1.2 Importing Dataset

Historical daily temperature from Meteorological Service Singapore is provided for the task.

The following code segment utilizes the read_excel() function from the readxl package to load data from an Excel file into the R environment. This operation imports the dataset titled “Tengah_Jun_1983_2023.xlsx” into a dataframe.

Code
# Specify the path to the Excel file
file_path <- ("../../data/Tengah_Jun_1983_2023.xlsx")

# Import the data into a dataframe
df <- read_excel(file_path)

2. Interactive Data Discovery and Visual Storytelling

1. Data Preparation Process

  • Numeric Conversion: Converted Mean Temperature (°C) to numeric, handling non-numeric values as NA to ensure data consistency.

  • Missing Values: Filtered out NA values to clean the dataset for analysis.

  • Annual Mean Calculation: Grouped data by year to calculate June’s mean temperature, simplifying trend analysis.

  • Date Column Creation: Formed a Date column for accurate temporal visualization.

2. Visualization Technique Selection

  • Scatter Plot with Time Series Line: This technique is particularly effective for showing individual daily mean temperature data points over time, allowing for the examination of variability within and across years.
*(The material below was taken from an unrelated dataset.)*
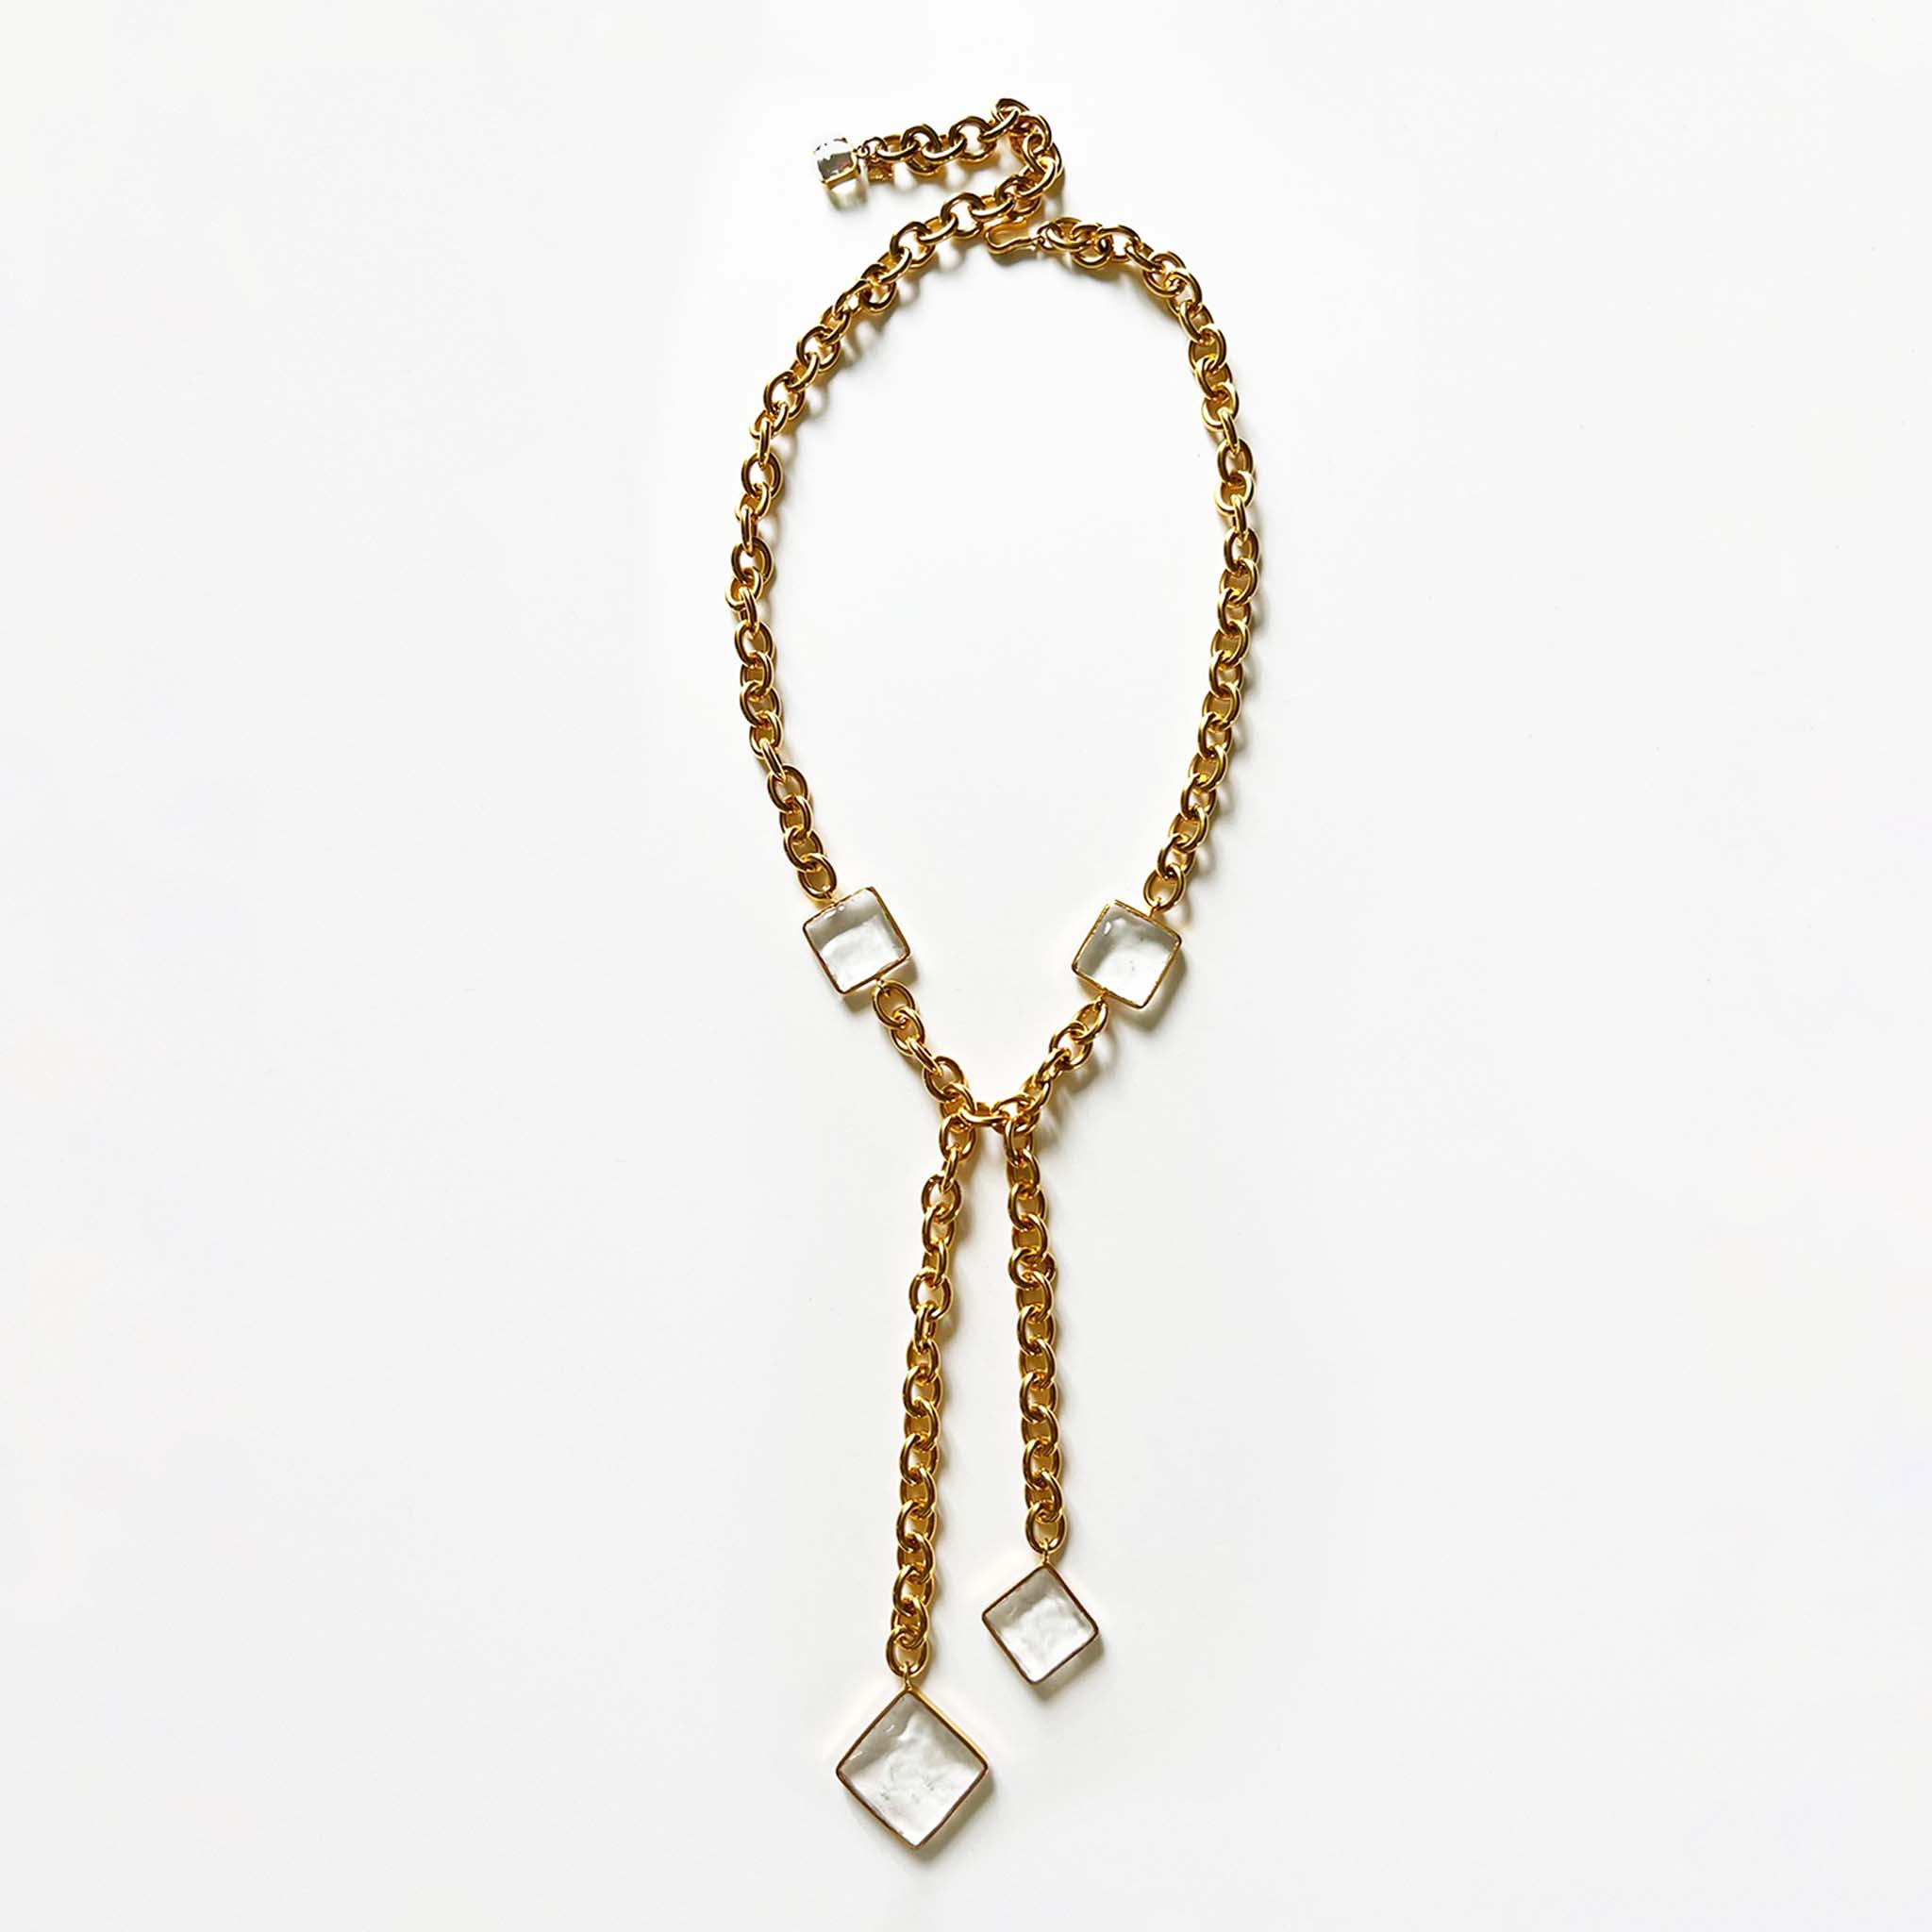 Pave & Chain Tie Necklace

The connecting line highlights the trend of mean temperatures in June, making it easier to discern patterns or shifts over the selected years.

3. Design and Interactivity Principles

  • Simplicity and Clarity: Clear plot titles, axis labels, and a legend make the visualization straightforward to interpret.
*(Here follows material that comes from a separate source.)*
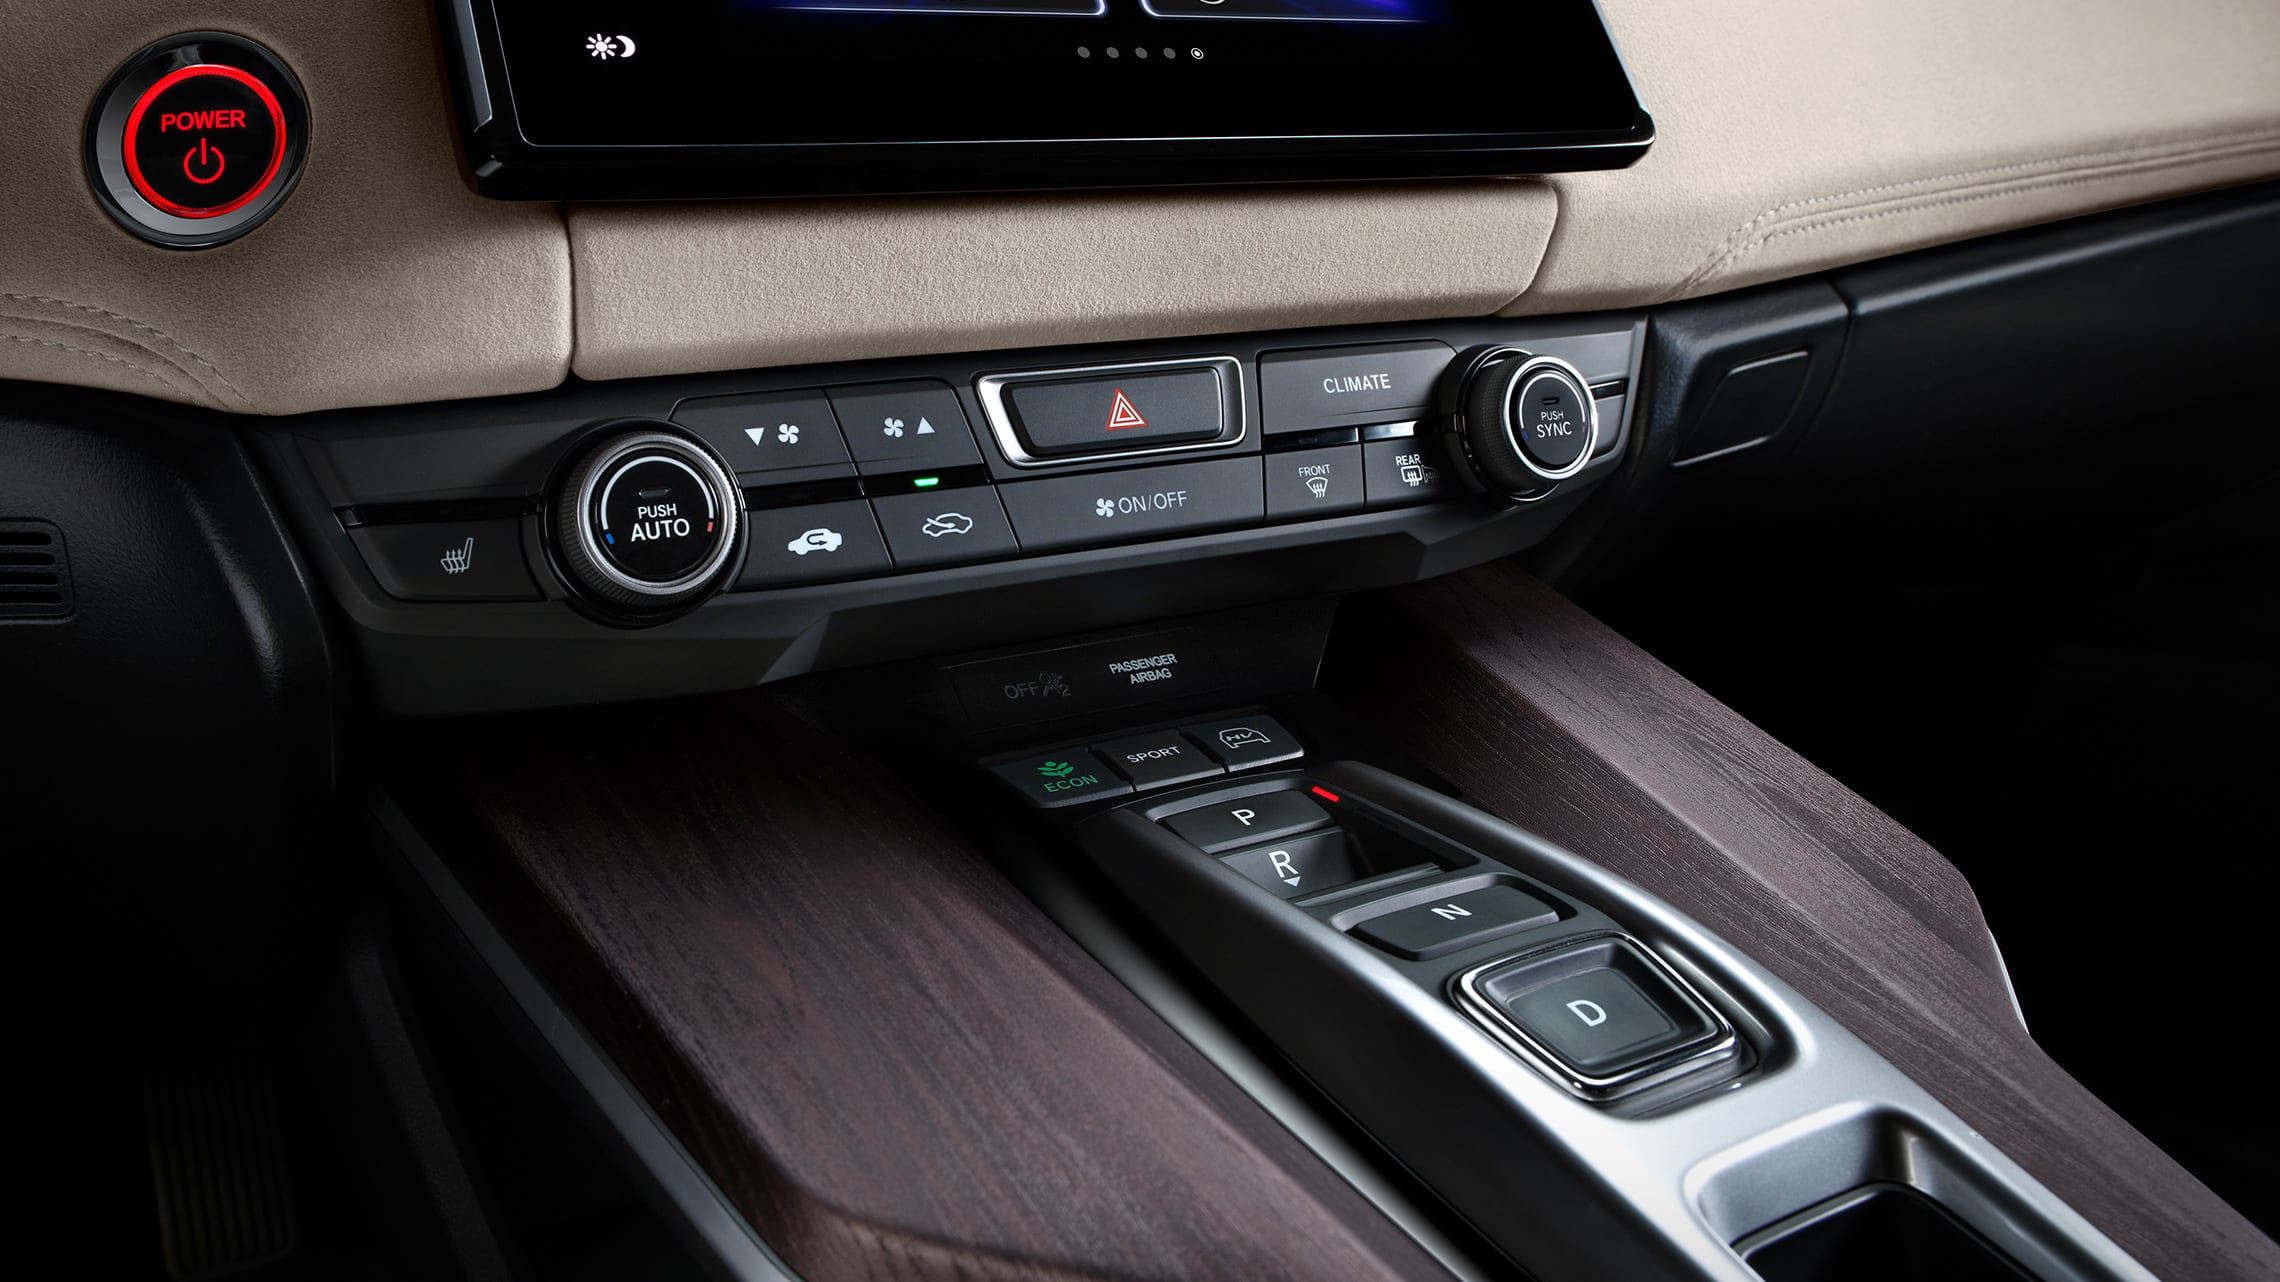 Detail of dual-zone automatic climate controls on center console.

  • Color Utilization: Colors distinguish between years, facilitating quick visual comparison.

  • Interactive Features: Tooltips provide detailed information, allowing for an interactive, exploratory data experience.

  • Trend Representation: A connecting line through annual means visualizes temperature trends over time effectively.

Code
# Convert non-numeric values to NA in 'Mean Temperature (°C)' column
df$`Mean Temperature (°C)` <- as.numeric(as.character(df$`Mean Temperature (°C)`))

# Handle possible warning from conversion by coercing issues to NA
df$`Mean Temperature (°C)`[is.na(df$`Mean Temperature (°C)`)] <- NA

# Calculate the mean temperature for each year
mean_temperatures <- df %>%
  group_by(Year) %>%
  summarize(MeanTemperatureJune = mean(`Mean Temperature (°C)`, na.rm = TRUE))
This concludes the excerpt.